### What you have to do
Skip the pictures, please, and write out exactly every line from the one containing "Emily Dickinson: American Poet" through the end of the listing below.

*** The data ***

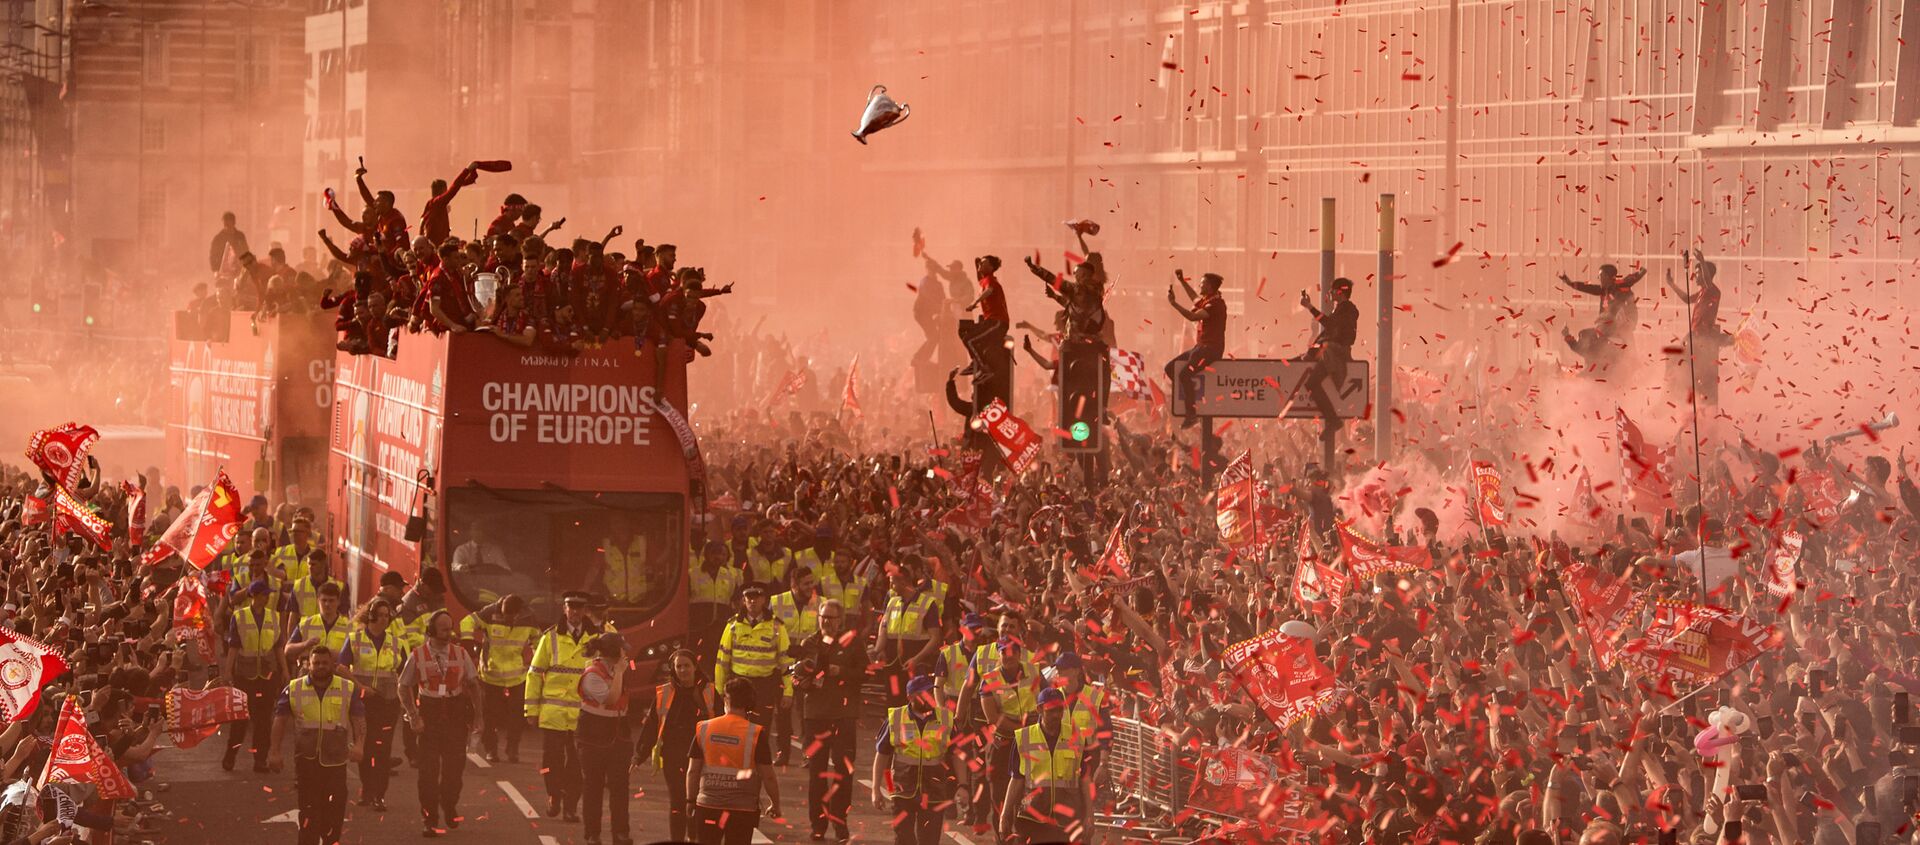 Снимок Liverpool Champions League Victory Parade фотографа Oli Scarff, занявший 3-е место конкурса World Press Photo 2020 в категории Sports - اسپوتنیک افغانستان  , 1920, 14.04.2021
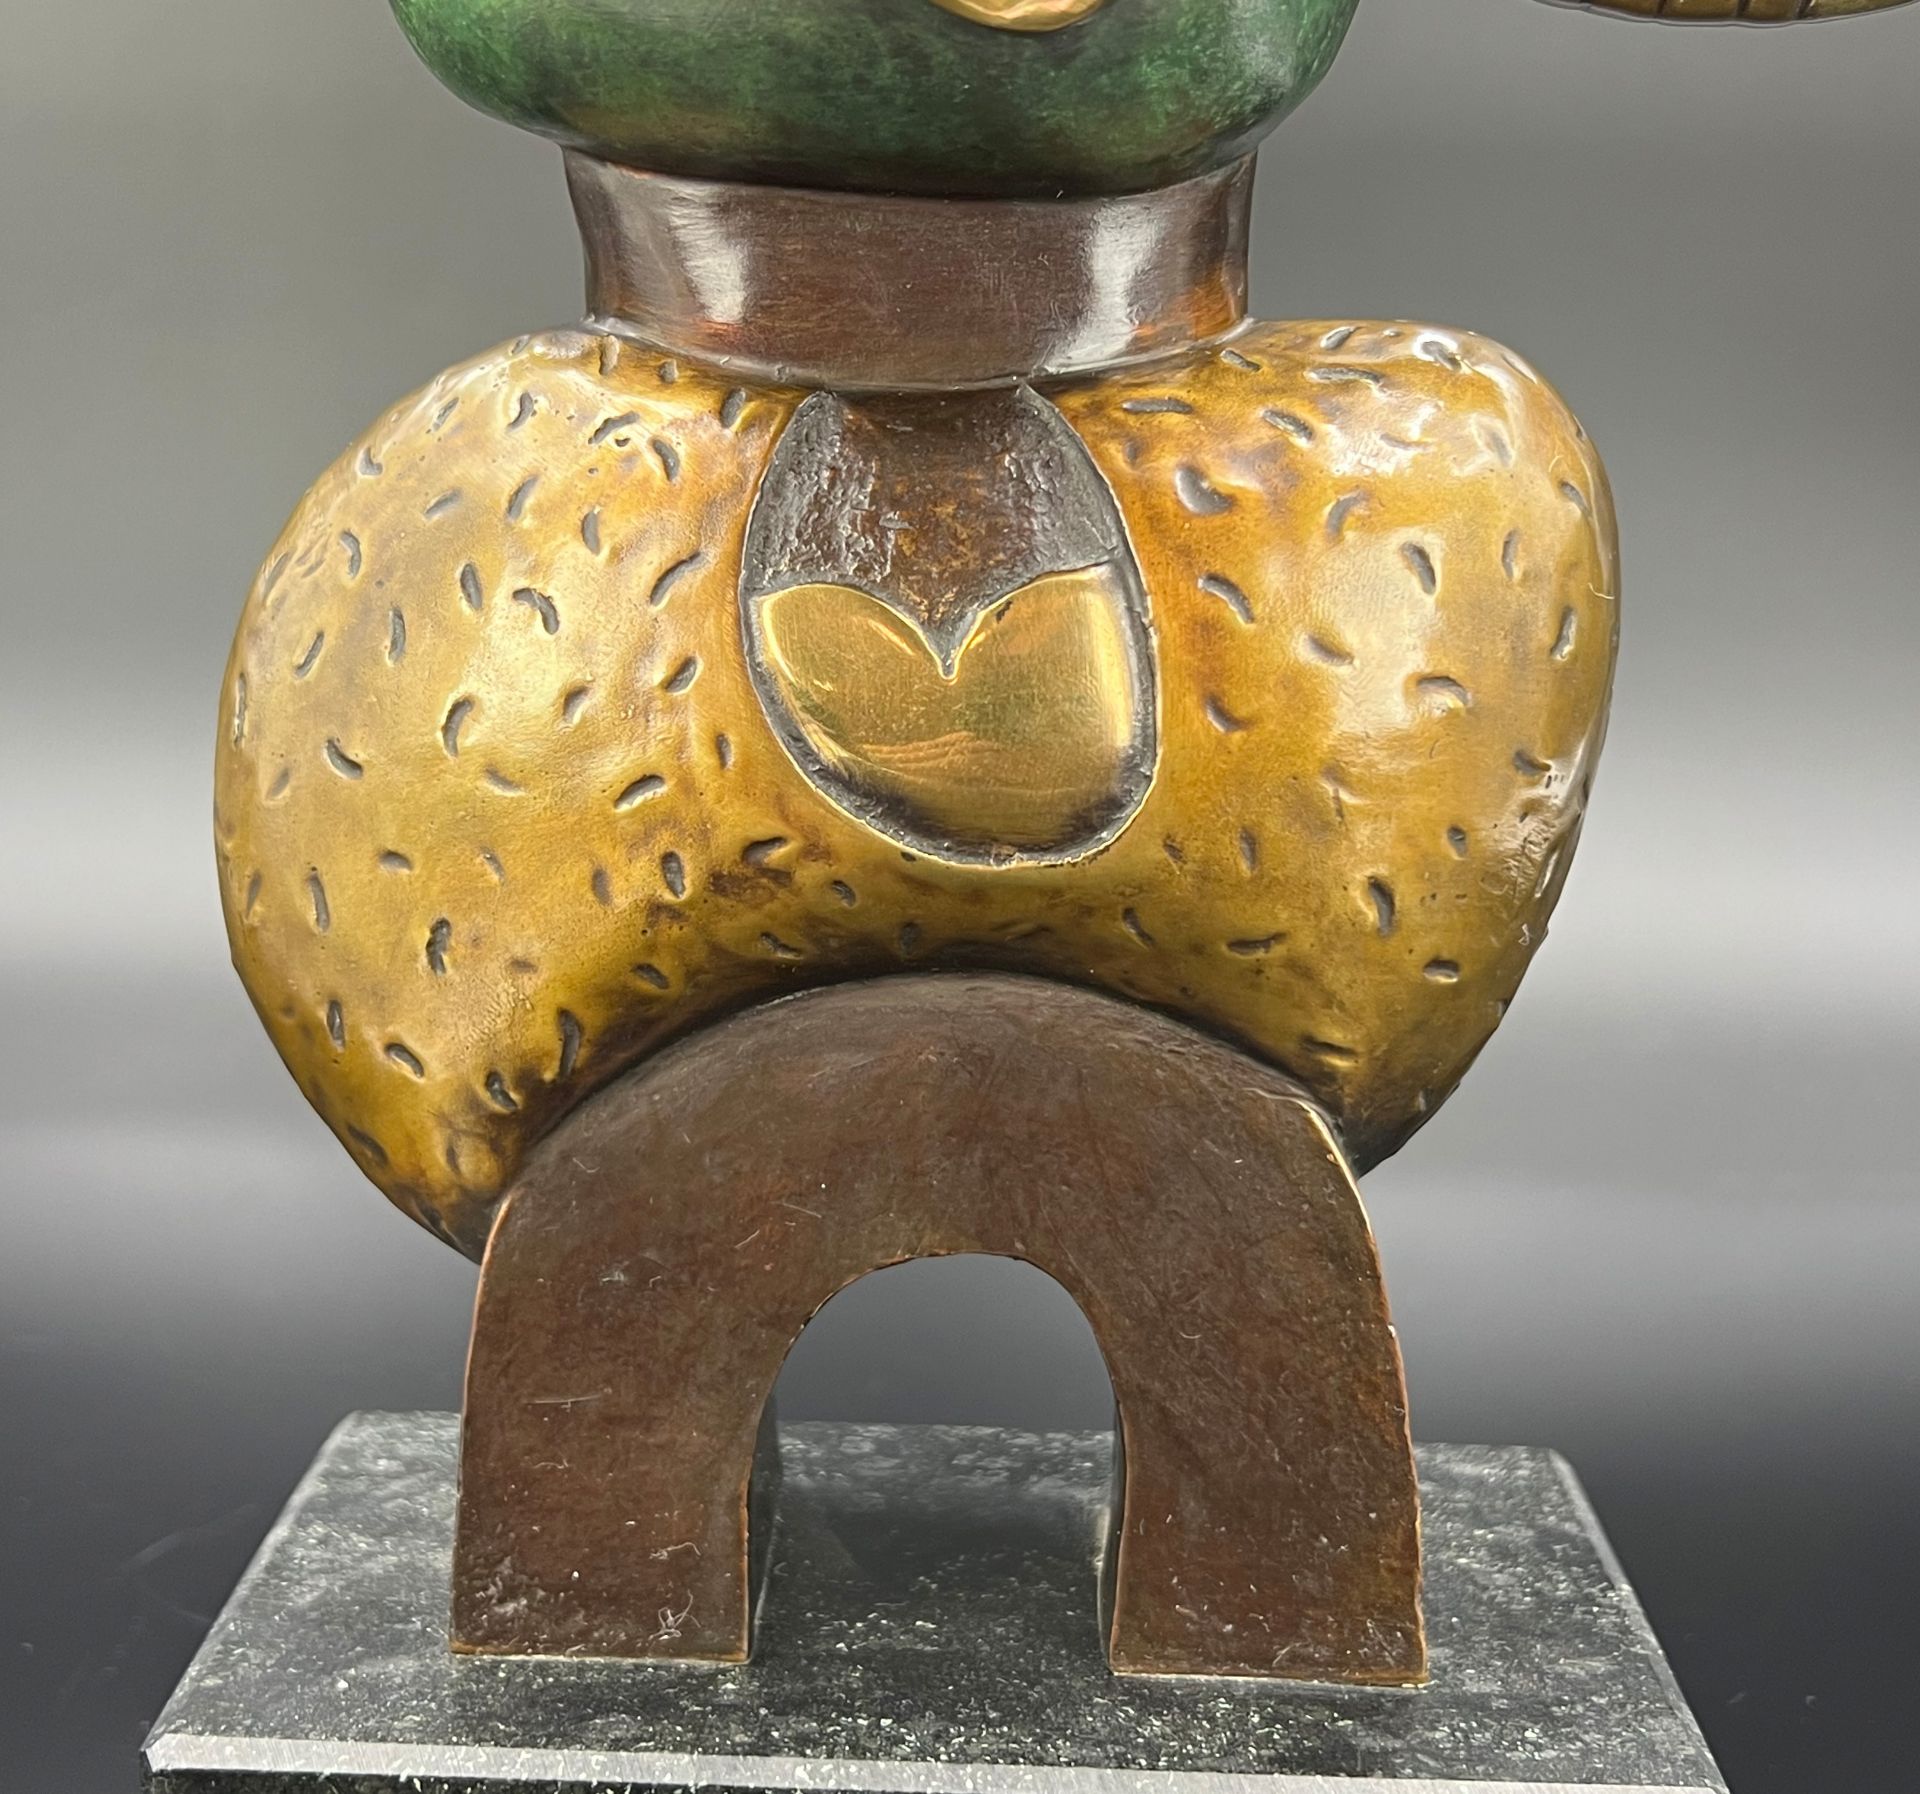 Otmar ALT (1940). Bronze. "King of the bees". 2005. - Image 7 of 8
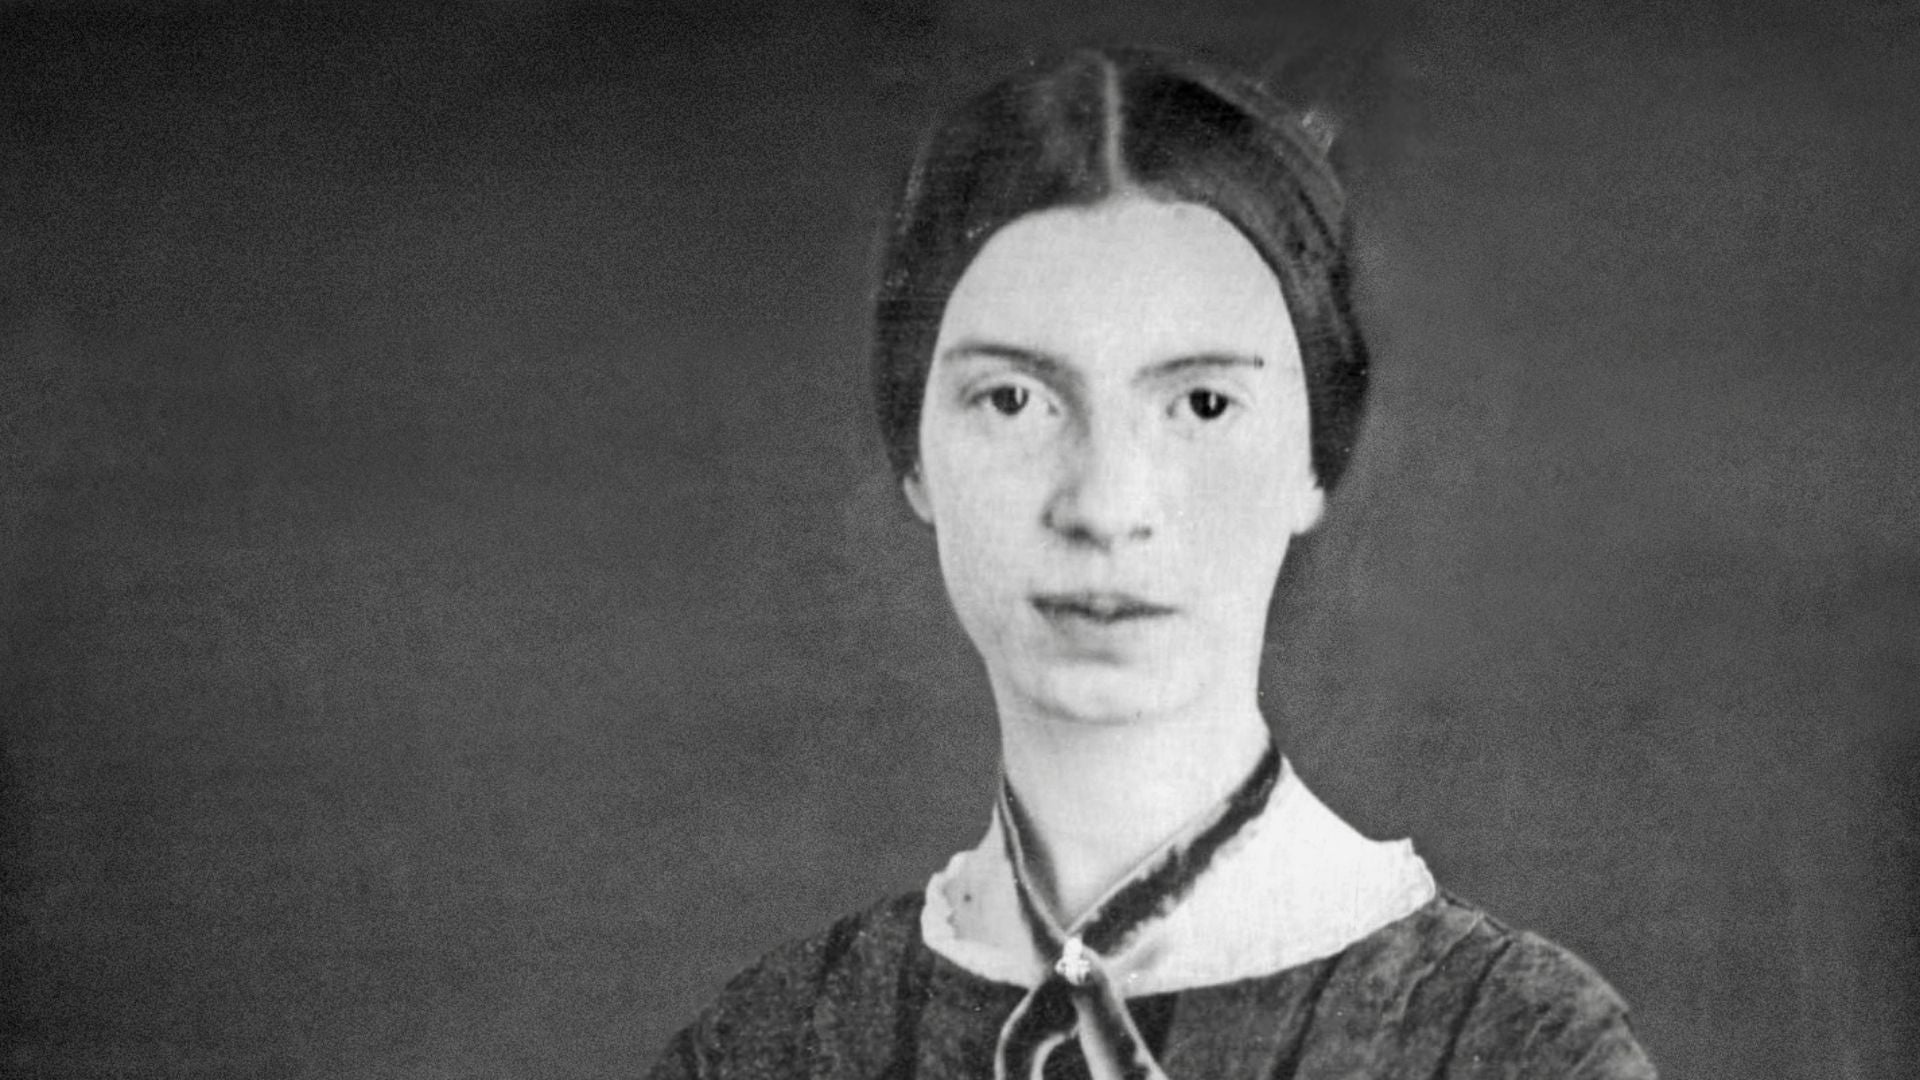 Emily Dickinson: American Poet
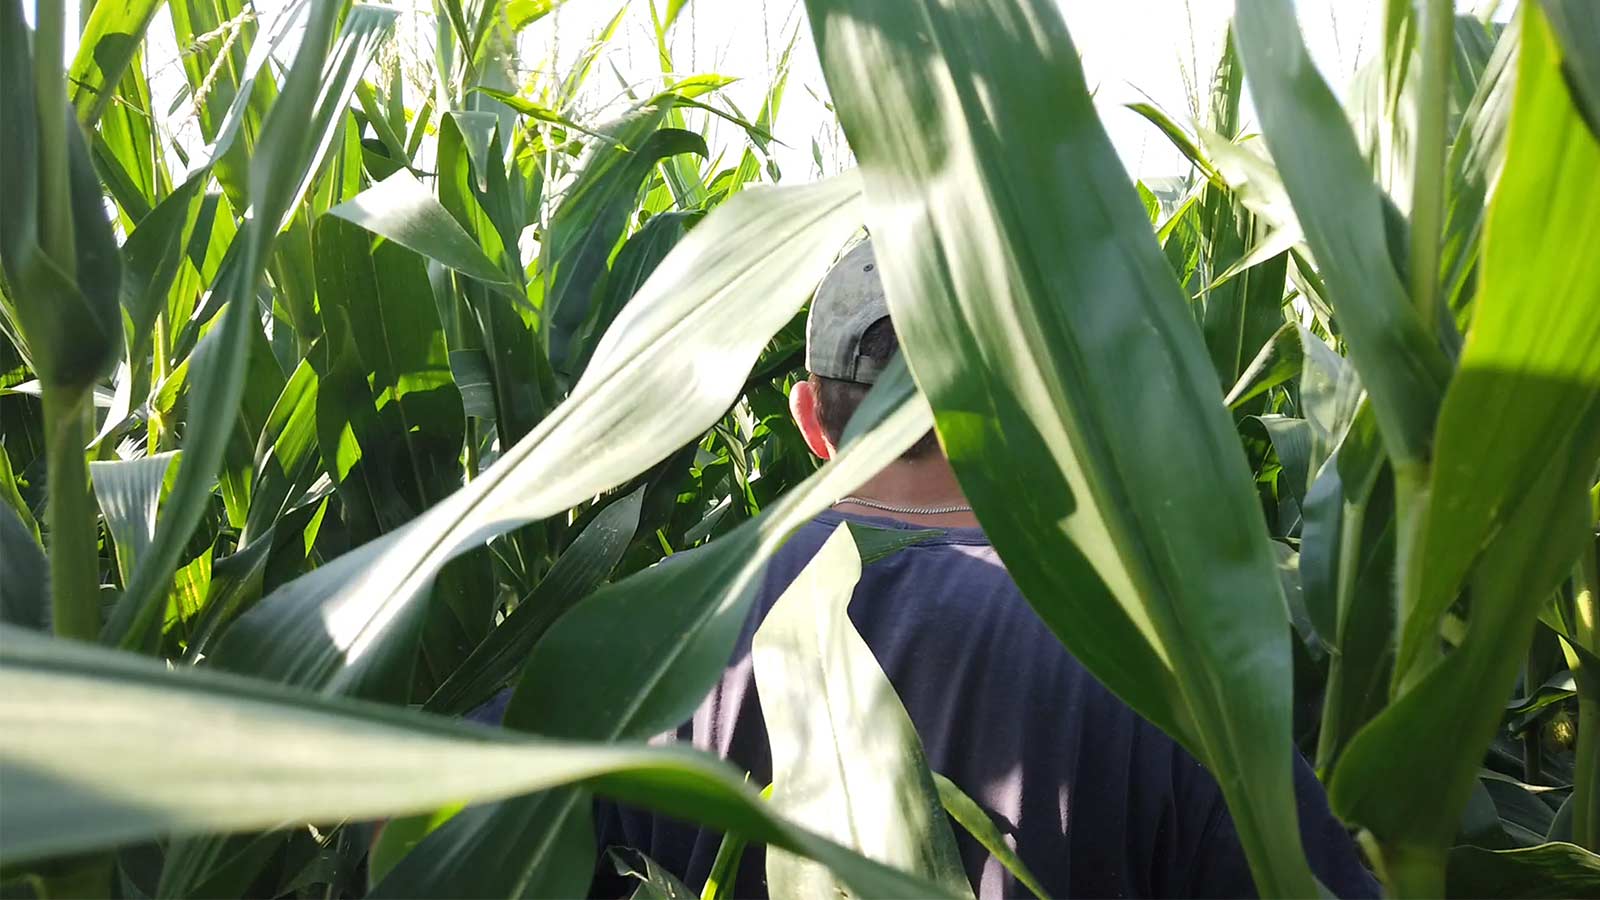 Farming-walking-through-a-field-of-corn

*** End of The data ***

### Result for this task
 Emily Dickinson: American Poet
 Farming-walking-through-a-field-of-corn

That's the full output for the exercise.